Download TinyStories, tokenize it with marin-community/marin-tokenizer, train a ~30M-param Grug decoder-only transformer.
See the repo root README for the getting-started workflow (copy, adapt, smoke-test, scale up). This file documents what's specific to the tiny-stories template.
launch.py wires three ExecutorSteps. Each step's config is hashed (via versioned(...)) so outputs cache on content; output_path_of(...) and this_output_path() thread paths between steps without hardcoding them.
tinystories_download = download_hf_step(
"raw/tinystories",
hf_dataset_id=TINYSTORIES_HF_ID,
revision=TINYSTORIES_HF_REVISION,
hf_urls_glob=["data/*.parquet"],
).as_executor_step()Pinned to an HF revision so caching is deterministic. Swap TINYSTORIES_HF_ID / TINYSTORIES_HF_REVISION for a different dataset; refresh the revision with curl -s https://huggingface.co/api/datasets/<id> | jq -r .sha.
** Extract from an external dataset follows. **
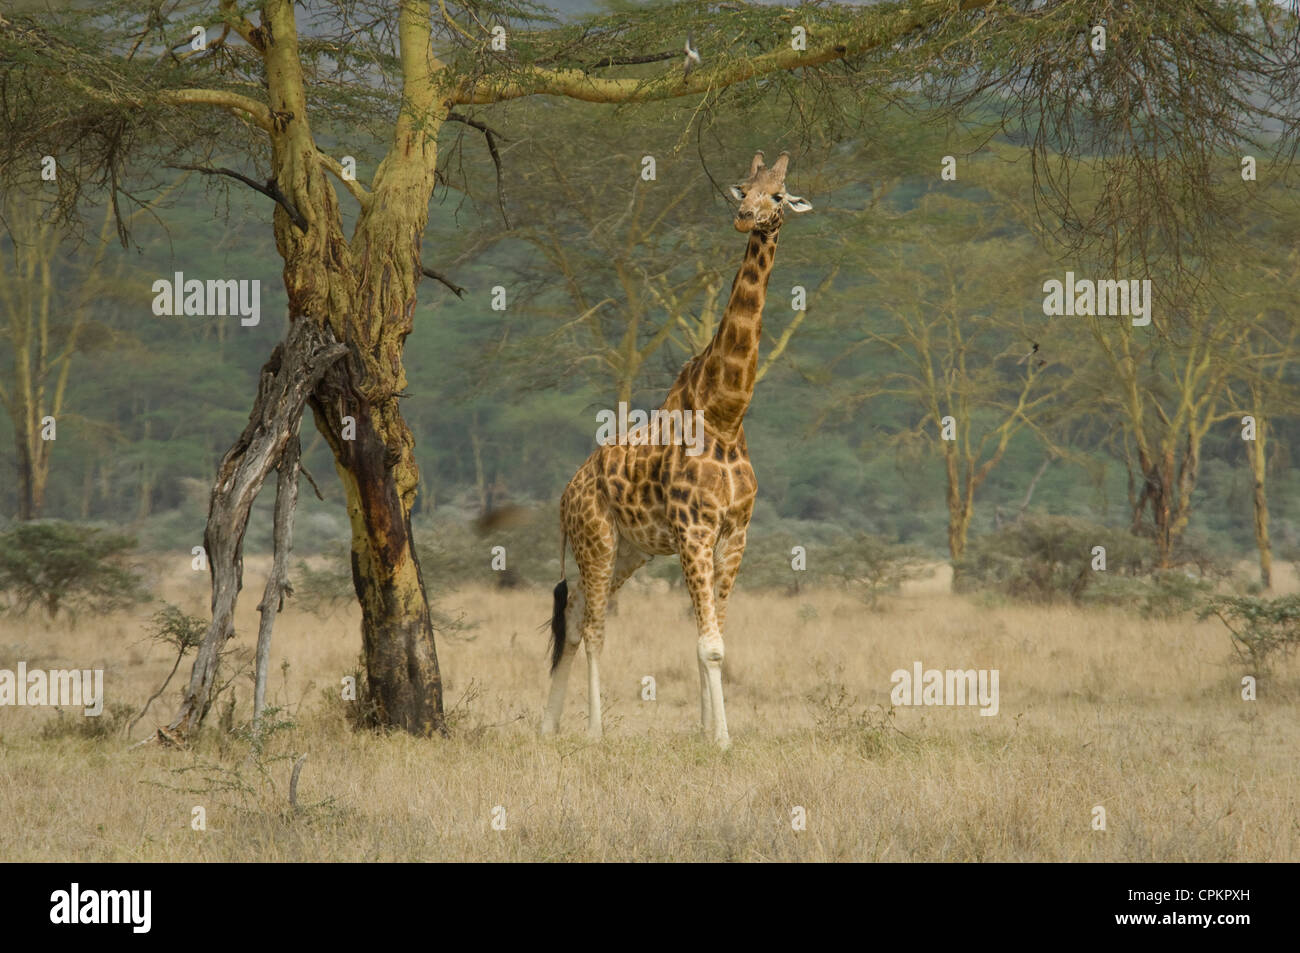 Rothschild's giraffe by Yellow-barked acacia tree Stock Photo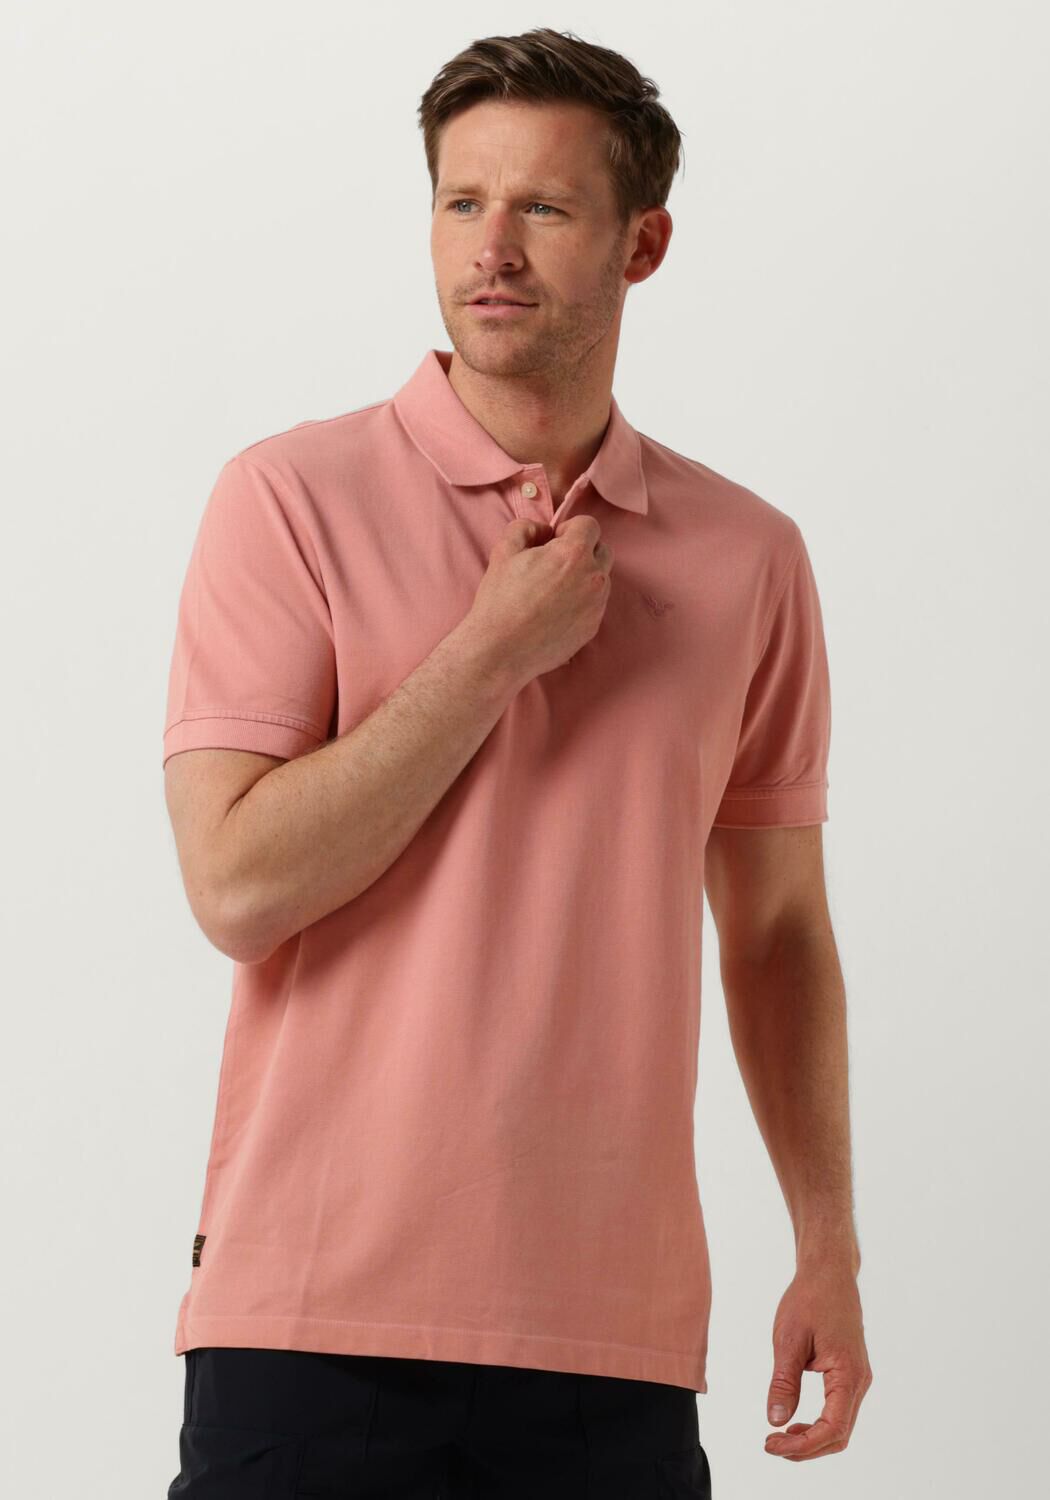 PME LEGEND Heren Polo's & T-shirts Short Sleeve Polo Pique Garment Dye Roze

tinystories_tokenized = ExecutorStep(
name="tokenized/tinystories",
fn=tokenize,
config=TokenizeConfig(
train_paths=[output_path_of(tinystories_download, "data/train-*.parquet")],
validation_paths=[output_path_of(tinystories_download, "data/validation-*.parquet")],
cache_path=this_output_path(),
tokenizer=versioned(MARIN_TOKENIZER),
format=TextLmDatasetFormat(),
sample_count=versioned(1_000 if _accelerator() == "cpu" else None),
),
)CPU caps sample_count=1000 per shard; TPU/GPU tokenize everything. Swap the tokenizer by changing MARIN_TOKENIZER.
run_tiny_stories_trial wraps Levanter's TrainerConfig with a GrugRunConfig (model, data, resources, optimizer) and calls run_grug. Resize the model via TINY_MODEL (hidden_dim, num_layers, num_heads, max_seq_len). Change accelerator/resources via _resolve_resources().
| Var | Default | Meaning |
|---|---|---|
ACCELERATOR |
tpu |
tpu / gpu / cpu — picks resources, batch size, precision, sample cap. |
MARIN_PREFIX |
/tmp/marin |
Pipeline output root (GCS on cluster, local dir otherwise). |
TINY_STORIES_STEPS |
2000 (1 on CPU) |
Training step count. |
GRUG_RUN_ID |
tiny-stories-30m-$ACCELERATOR |
W&B / run ID. |
WANDB_API_KEY |
unset | Optional. W&B is disabled on CPU regardless. |
launch.py— pipeline definition,TINY_MODEL,executor_mainentrypoint.model.py—GrugModelConfig.train.py—run_grug,GrugRunConfig,GrugTrainerConfig,GrugEvalConfig.pyproject.toml— marin wheel pins andfind-linksURLs.